According to the present invention, these objects are achieved by utilizing at least two image patterns on an object or decal which is attached to the lure or decoy. The image patterns are manipulated to switch between patterns as the prey approaches. This switching can be done electronically, by the use of LED or LCD displays, or through the use of a lenticular or holographic lens, wherein the image seen changes as the angle of sight of the prey changes.

According to the present invention, an advantage of this system, in addition to the ability to simulate movement, the use of these changing images on a decoy or lure can provide a simulation of natural movement which does not rely on mechanical means.

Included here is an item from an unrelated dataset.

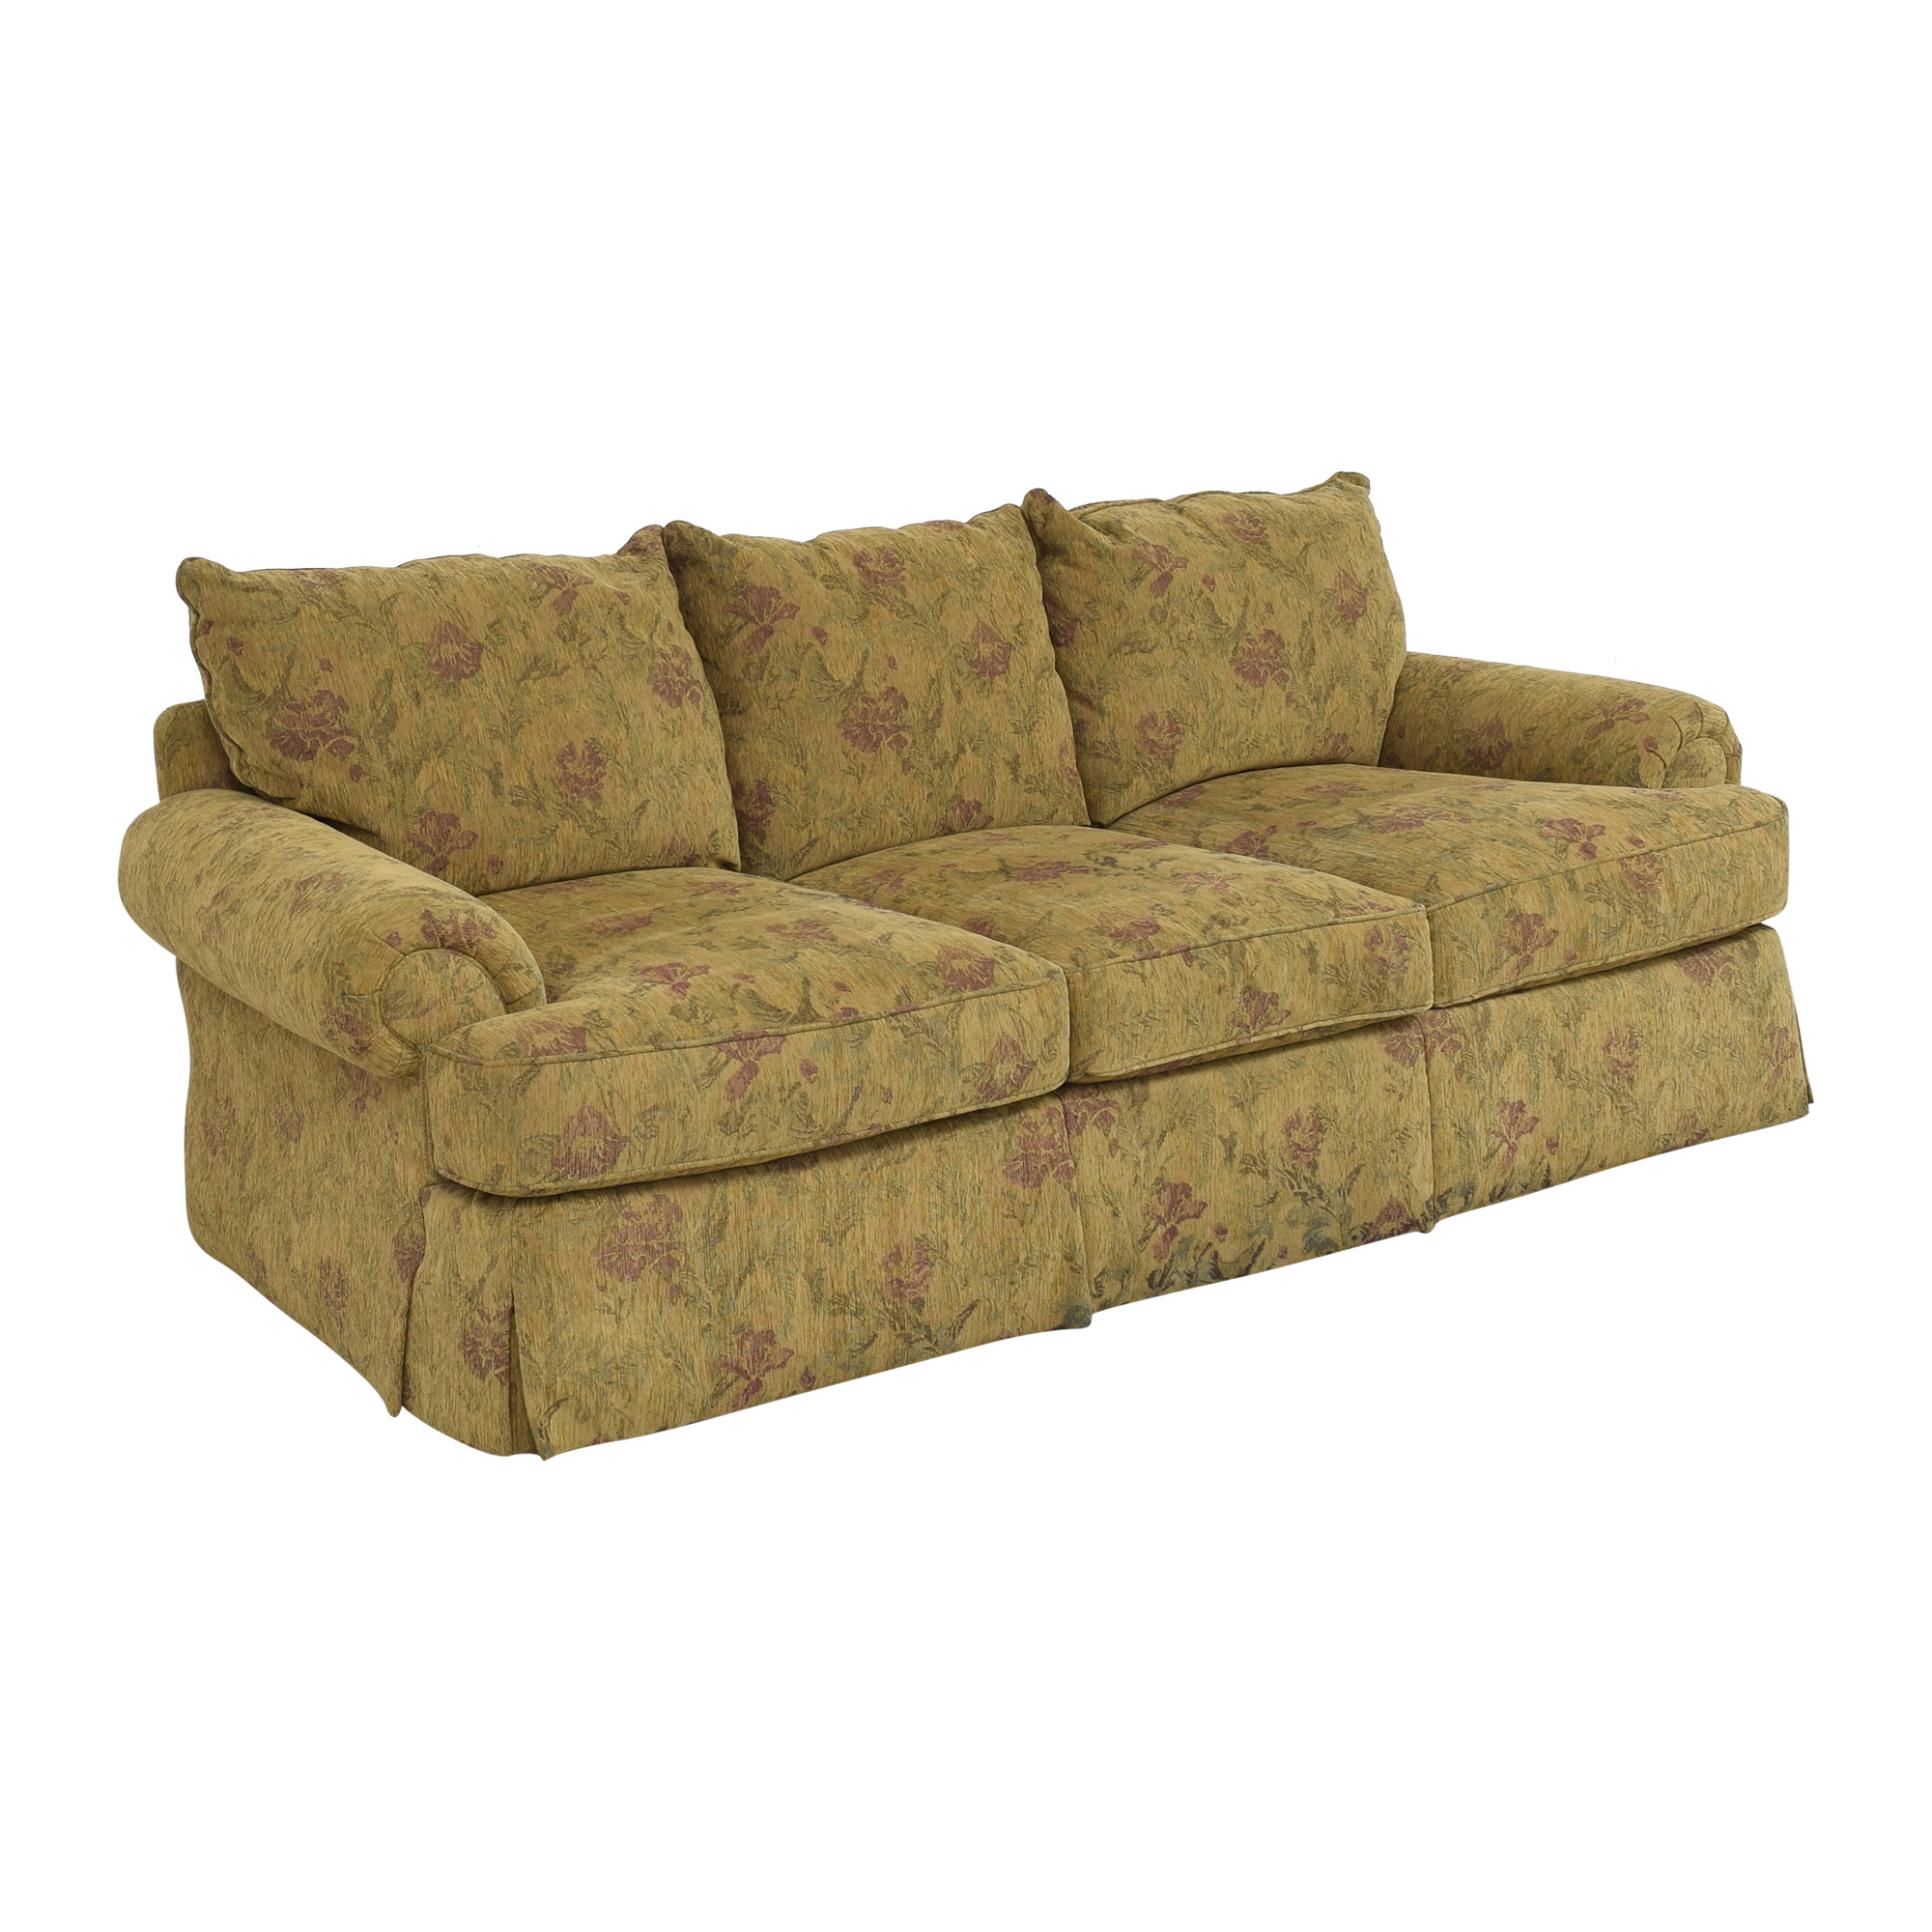 Thomasville Thomasville Floral Three Cushion Sofa used

A further aspect to this invention is that it is applicable to aspects of providing motion-simulating decoys beyond the field of hunting and fishing, and could be used in military or gaming applications.

BRIEF DESCRIPTION OF THE FIGURES

FIG. 1 shows a duck wing decoy attachment showing the image displayed at acute viewing angles. [0012]
FIG. 2 is the duck wing decoy of FIG. 1 showing the image displayed at less acute angles. [0013]
FIG. 3 is a duck wing decoy attachment showing an example of a random pattern displayed at an acute viewing angle. [0014]
FIG. 4 is a duck wing decoy attachment showing an example of a random pattern displayed at a less acute angle. [0015]
FIG. 5 is a fishing lure showing the image displayed at acute viewing angles. [0016]
FIG. 6 is the fishing lure of FIG. 1 showing the image displayed at less acute angles. [0017]
FIG. 7 is an example of a type of attachment device which can be used to removeably attach the duck wing decoys to a decoy body. [0018]
FIG. 8 depicts an example of the changing viewing angles associated with FIGS. 1 and 2. [0019]
FIG. 9 depicts an example of the changing viewing angles associated with FIGS. 3 and 4.[0020]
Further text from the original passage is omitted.